Arguments in favor of the company
American strong. In the idea for Emerson Electric we mentioned, that in the United States, production indicators are growing and enterprises are planning to invest in the renewal of fixed assets, - from this should fall and CMC. Moreover, many steel mills in the United States deliberately do not start up previously shut down plants., to keep high prices for steel products. And in the conditions of an industrial boom and consumer activity, manufacturers have no other choice, except how to buy that, what is.
Well, for that matter, in the second most important market for the company, Poland, everything is fine too: production figures in this country are growing, indicating an increase in orders for CMC in this country.
Price. Company P / E 11,56 and capitalization 3,76 billion dollars - a combination of these factors can lead to a rapid and tangible growth in quotations due to the influx of investors.
Purchase opportunity. The advantages mentioned above would be enough, to attract a buyer to the CMC, but there is one more thing. In numerous presentations, the company talks a lot about, how it is actively investing in the reorientation of its production facilities to the production of high value-added steel products, and indeed it is. US steel companies do not have high bottom line margins, so buying a compact and efficient CMC can be a great addition to any larger enterprise.
What can get in the way
What's next is unclear. The pandemic and the rise in crime provoked an exodus of the population from major US cities, which led to a fall in the budgets of municipalities. It follows from this, that less money will now be spent on investments in cities. This trend may have a negative impact on CMC orders in the medium term.. Or maybe not affect: in the last quarter, sales increased in all segments. However, if you look at the segment in 9 Months, ended 31 May, then in the segment “Recycled steel products” sales fell by 5,45% compared to the same period a year earlier. May be, this is a seasonal bug, but if not, it is better to be mentally prepared for negative reporting.

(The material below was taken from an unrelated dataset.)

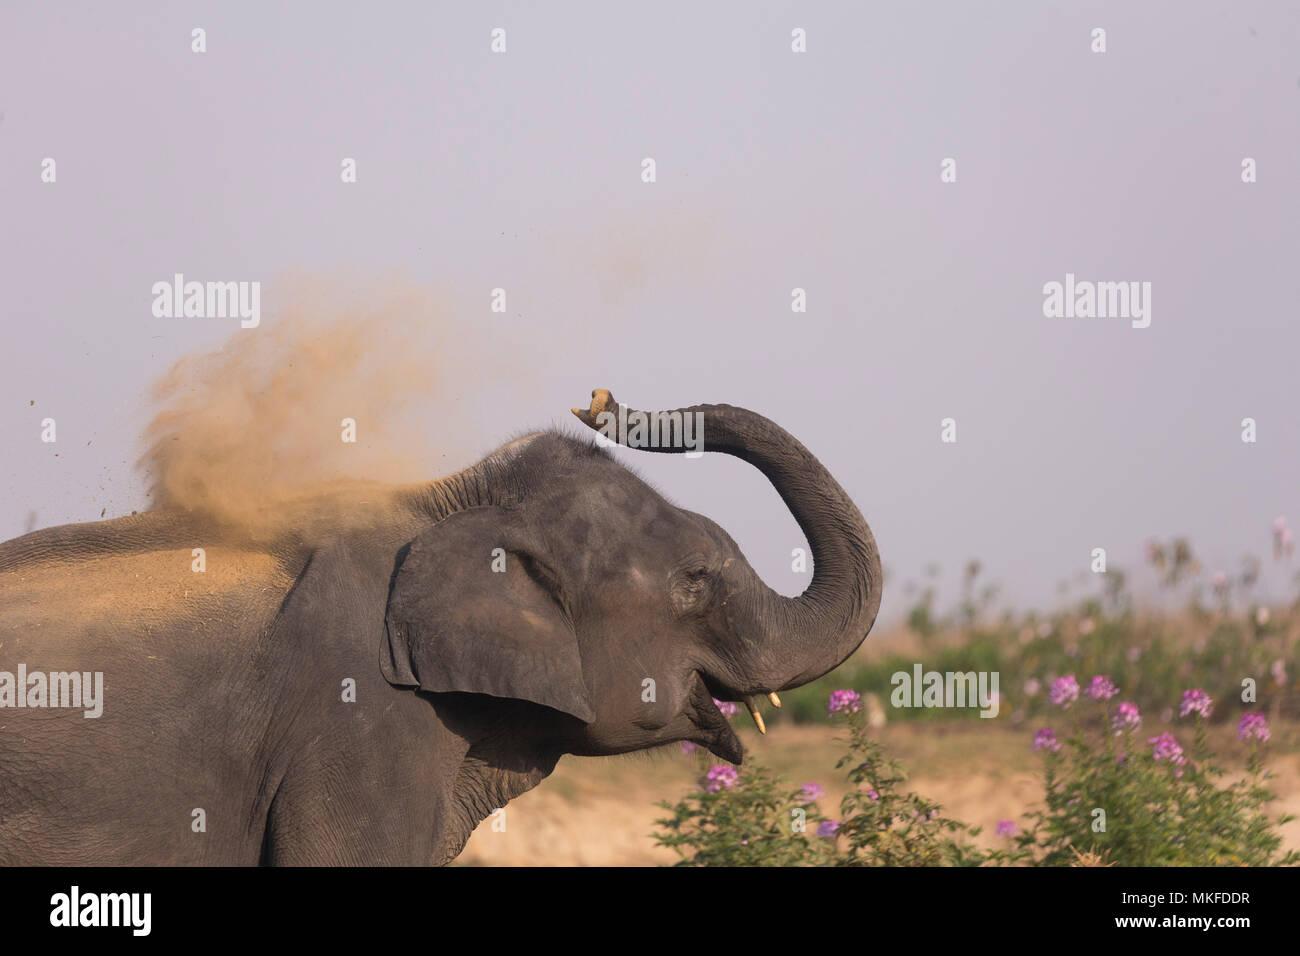 Les éléphants d'Asie (Elephas maximus) poussières baignade, parc national de Kaziranga, état de l'Assam, Inde Photo Stock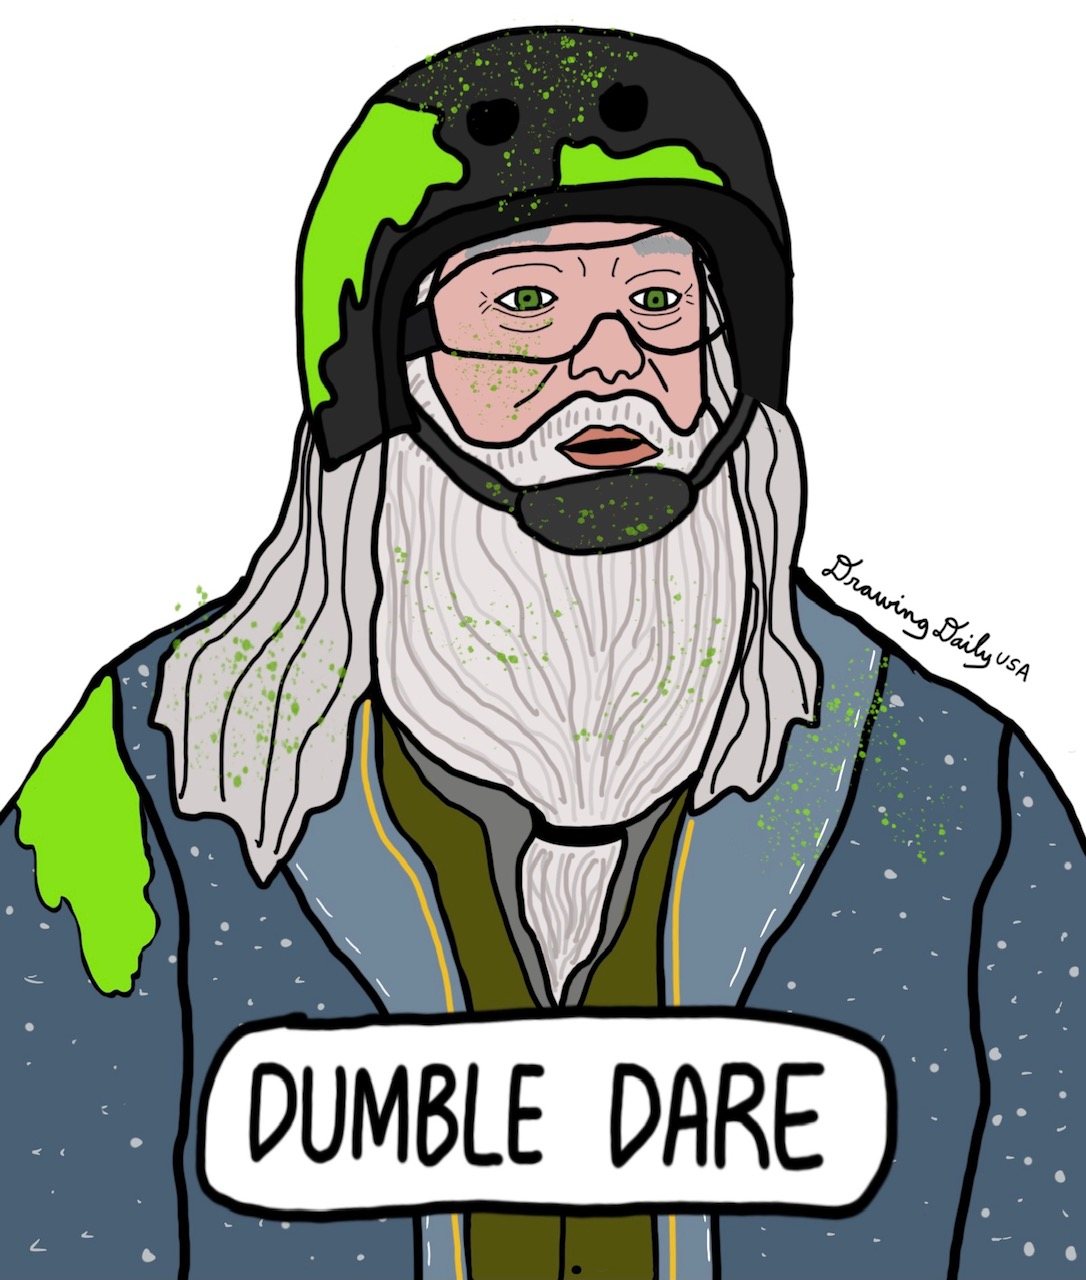 Dumble Dare

"You worked at the foundry, means, you're used to the heat". American steel companies now have the ability to break such prices, because foreign industrial enterprises are also increasing their demand for steel, loading steel companies outside the US with orders. There are not as many dumping opportunities for non-US steel mills now as due to the mentioned demand at home., so and therefore, that not all factories are out of quarantine. But if the dumping of non-American steel workers resumes - and not too long ago it was a big problem in the US, - then CMC marginality will suffer.
Wrecked. The company pays 0,48 $ dividends per share per year - with the current share price it turns out 1,53% per annum. It's not that big money, so that this factor helps to pump up quotes at the expense of fans of "divas", but problems are possible. The company spends heavily on upgrading its factories: plans to spend $200-225 million this year, average annual requirements to maintain the current level of operations - $150 million. The company spends about 54 million per year, which is approximately 16,36% from its profits over the past 12 Months. Basically, The company must have enough money for everything: on 2,234 billion in arrears, 853,367 million of which must be repaid during the year, the company has 443.12 million in accounts and 1,073 billion of counterparties' debts.
But, taking into account the extensive investment program of the company, there is a possibility of a reduction in payments - and from this the shares may fall.
What's the bottom line?
We take shares now by 31,17 $. Think, that the positive points indicated in the idea will contribute to the growth of these shares to 34,5 $ during the next 14 Months.